Movie review by Greg Carlson

“Beginners,” writer-director-designer-artist Mike Mills’ huge improvement over “Thumbsucker,” sheds much of the self-consciously precious affect that bedeviled his feature narrative debut to relate a semi-autobiography about a young man coming to terms with the death of his father. Assembled as an asynchronous seesaw that totters between two principal timeframes, “Beginners” adroitly blends blossoming romance and family melodrama without disservice to either genre. By separating the protagonist’s past, represented in more recent scenes with his father and distant memories of his mother, and present, in which a relationship veers toward love and commitment, Mills finds a way to embrace the messy poles of life through eyes that smile as well as cry.

Ewan McGregor plays Oliver, an illustrator/graphic designer reflecting deeply on life and love in the wake of losing papa Hal (Christopher Plummer) just a few short years after the death of Oliver’s mom Georgia (Mary Page Keller), Hal’s spouse of 44 years. Before his decline, the aging Hal – who waited until his wife lost her own cancer battle – announces his homosexuality at age 75, and Mills uses the premise to advantage with a series of montages outlining the challenges, disappointments, and heartaches faced by the closeted during the second half of the twentieth century. The stylishly presented images, punctuated by Oliver’s narration (“This is what the sun looks like”) bridge past and present, providing information that invites the viewer into Oliver’s interior space.

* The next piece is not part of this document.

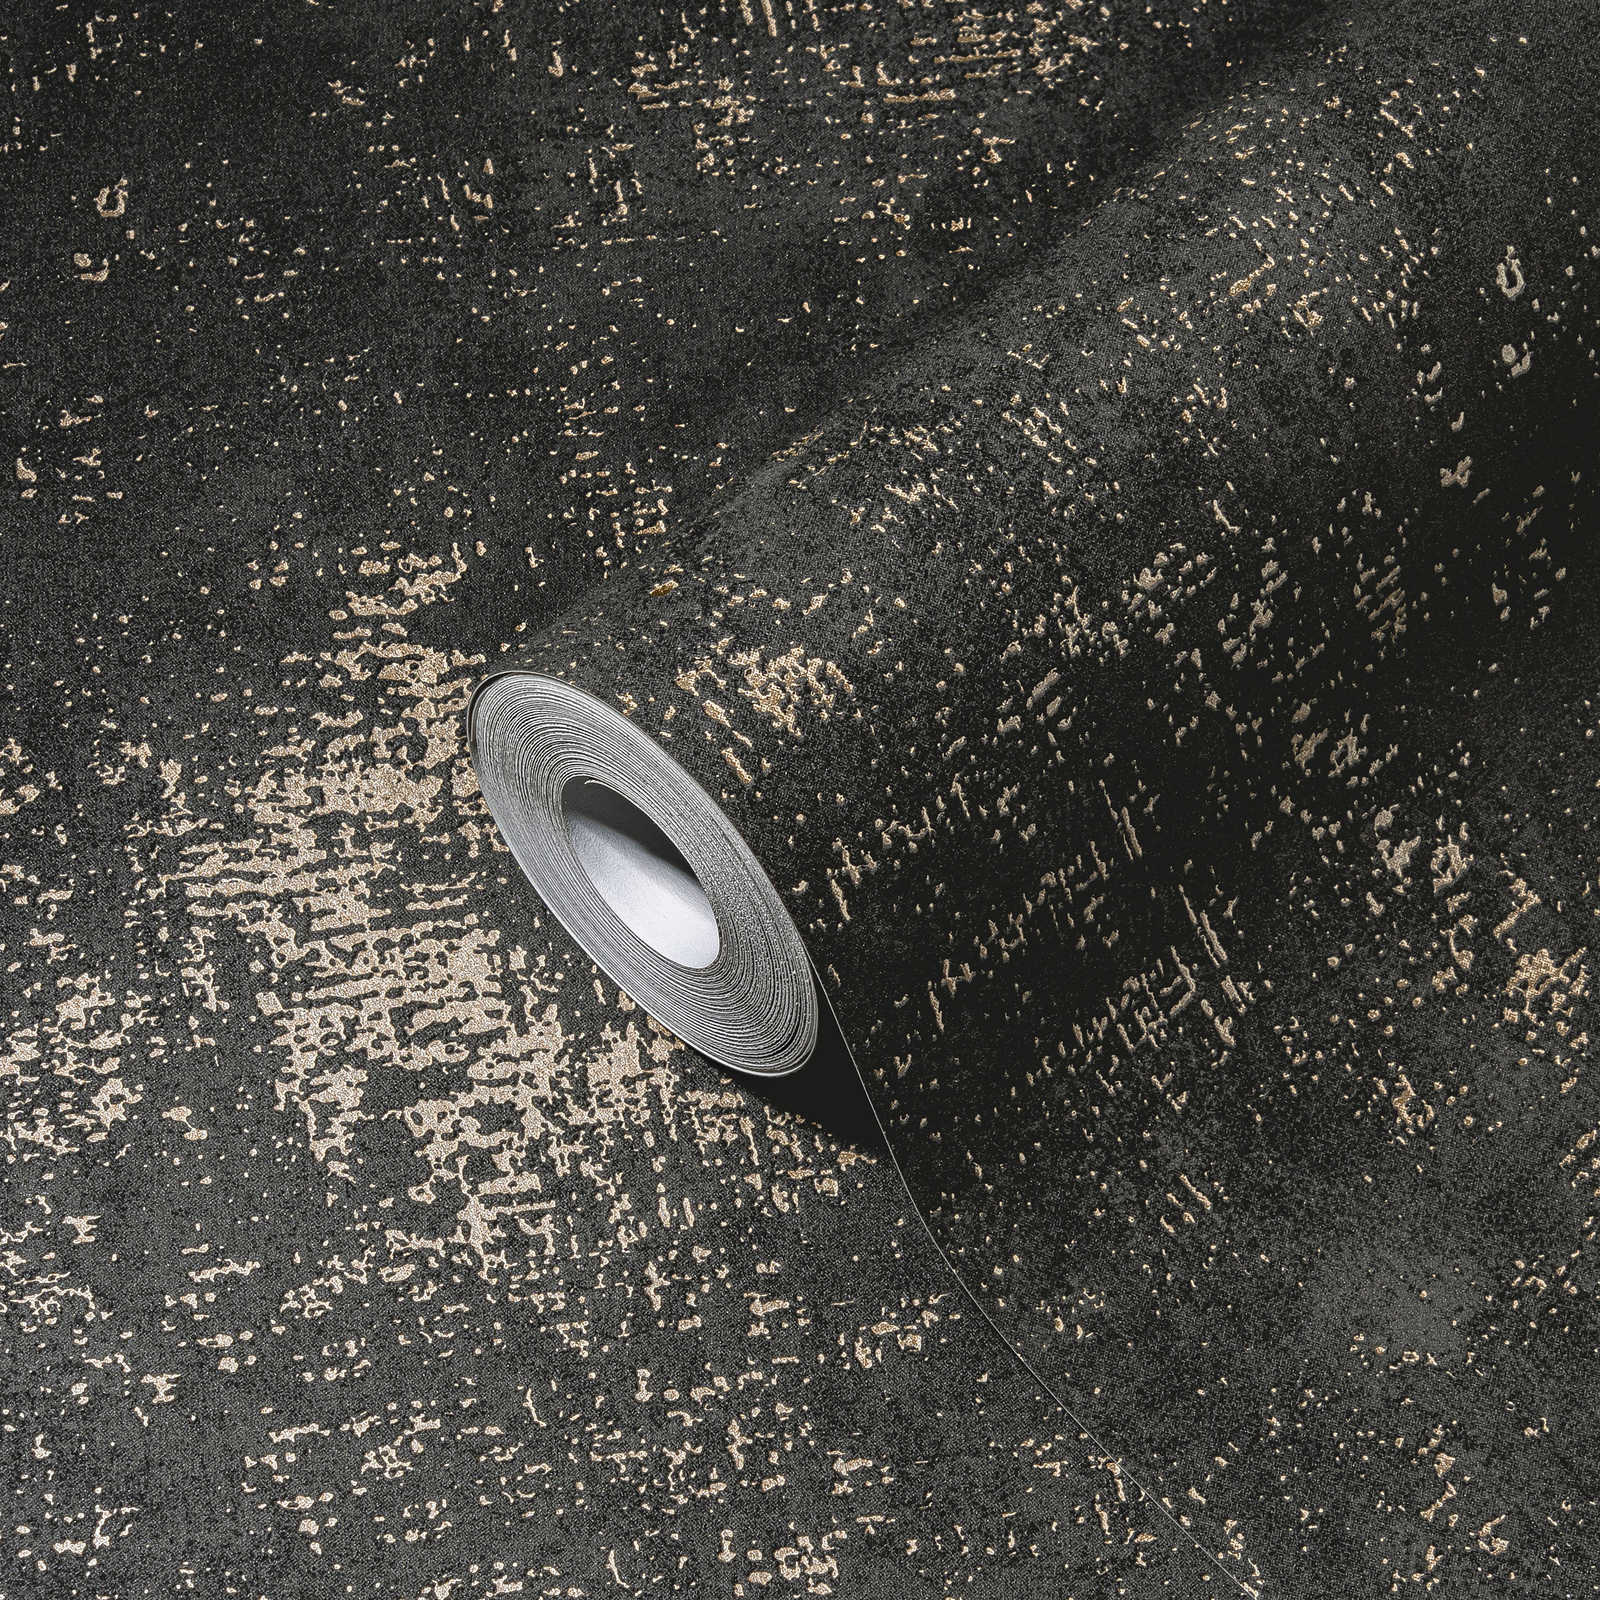             Black wallpaper rustic textured look with metallic effect
        
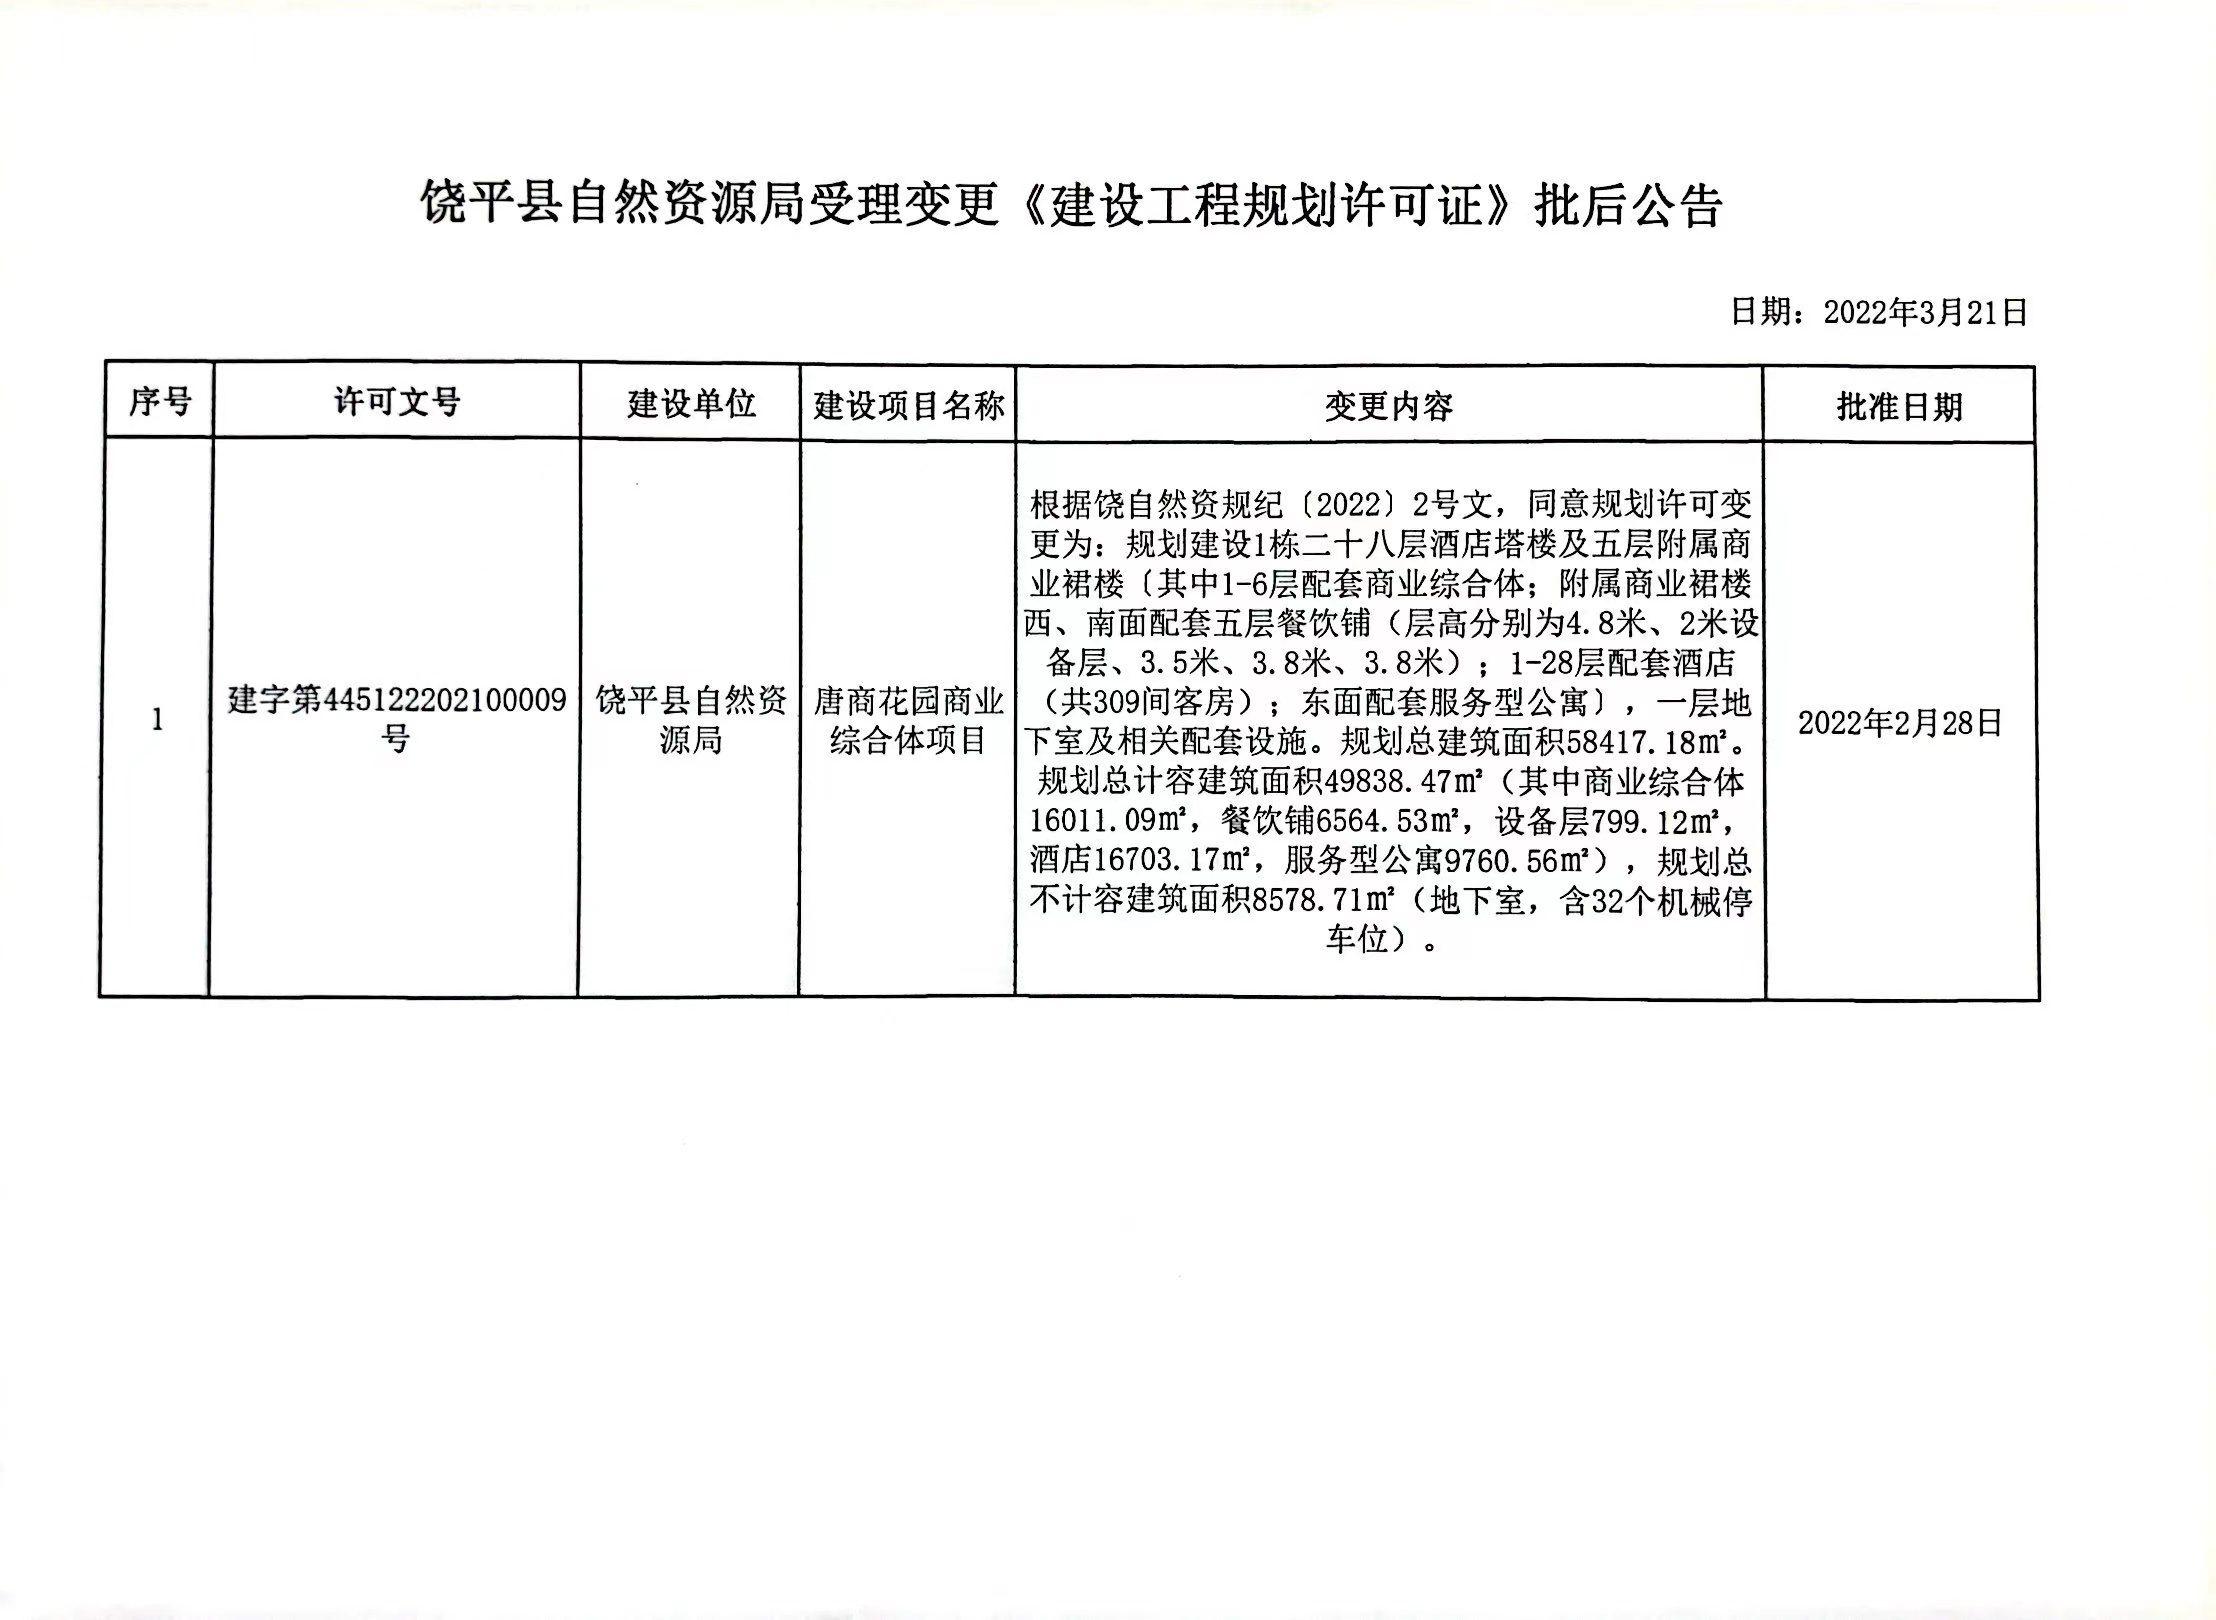 饶平县自然资源局受理变更《建设工程规划许可证》批后公告3.21.jpg

Oliver, who is given to episodes of melancholia, joins a group of friends at a costume party and meets the enchanting Anna (Melanie Laurent), whose laryngitis relegates communication to scribbles in a notepad and a range of intimate, eye-contact dependent non-verbals. Amusingly attired as Freud, Oliver “treats” patient Anna while Mills takes the opportunity to comment coyly on the therapeutic possibilities of fresh attraction. Later, as Oliver and Anna bond, they begin to talk about their parents, and even though the film’s point of view firmly belongs to Oliver, Anna emerges as something more substantive than Nathan Rabin’s dreaded, static Manic Pixie Dream Girl stereotype (despite her ability to roller skate).

Mills is graced with a trio of appealing performers, and even though “Beginners” is Oliver’s story, both Hal and Anna bloom into vibrant characters in no small measure through the choices of their portrayers. Plummer, Laurent, and McGregor all find the room in Mills’ screenplay to reveal the less-attractive corners and contours of personality common to us all, and “Beginners” is richer for its prickles and barbs. At one point, Oliver says, “Our good fortune allowed us to feel a sadness our parents didn’t have time for.” At first, the sentiment sounds like self-pity, but Mills positions the thought so that Oliver recognizes Hal’s decades-long personal sacrifices instead.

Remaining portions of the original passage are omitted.